Part Number:TMS320F28035

Hi Professor,

     I am debugging the phase shift full-bridge BUCK circuit based on F28035 chip, and realize phase shift by using peak current control. I use EPWM2 as the driver of arm, EPWM1 as the hysteresis arm, EPWM3 as the driver of side-side synchronous rectification, EPWM4 as the trigger ADC sampling, and COMP3A as the detection of peak current.Synchronize the EPWM2 clock at the same time to achieve phase shift.
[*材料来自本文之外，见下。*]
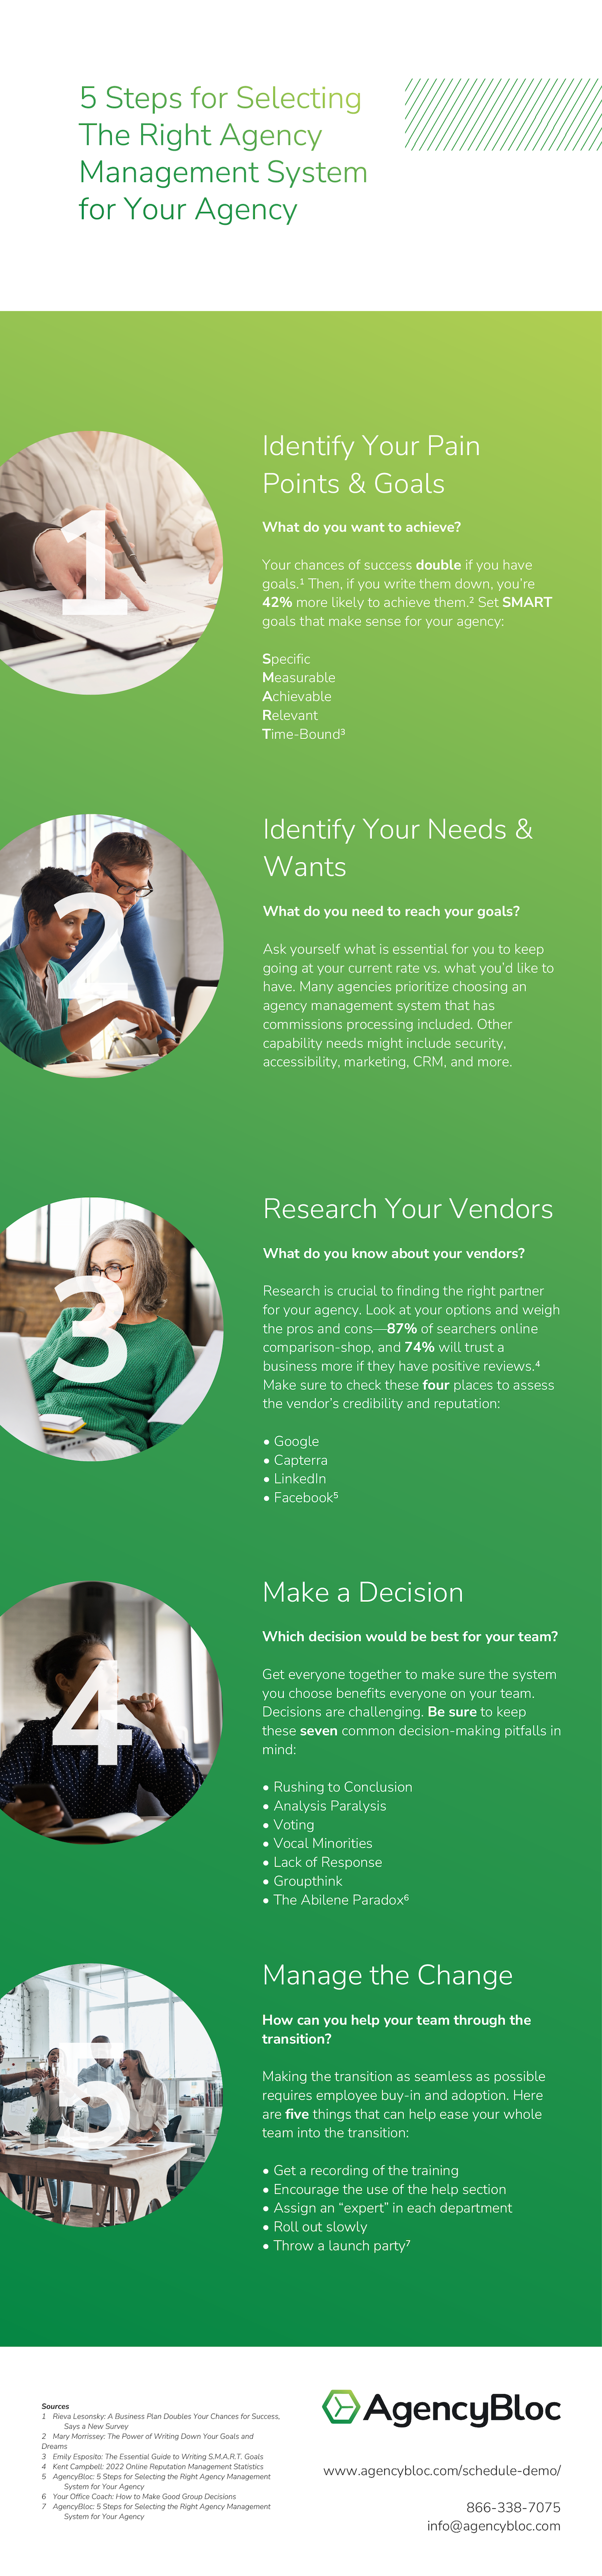 5 Steps for Selecting The Right AMS for Your Agency Infographic

However, the COMP3A comparator event cannot be triggered at the moment of low current, so the phase shift of EPWM2 cannot be realized.

     我正在调试基于F28035芯片的移相全桥BUCK电路,使用峰值电流控制实现移相,我使用EPWM2作为超前臂的驱动,使用EPWM1作为滞后臂,使用EPWM3作为副边同步整流的驱动,使用EPWM4触发ADC采样,使用COMP3A作为峰值电流的检测,同时同步EPWM2时钟,来实现移相。
但是目前无法在小电流的时候触发COMP3A的比较器事件,无法实现EPWM2的移相?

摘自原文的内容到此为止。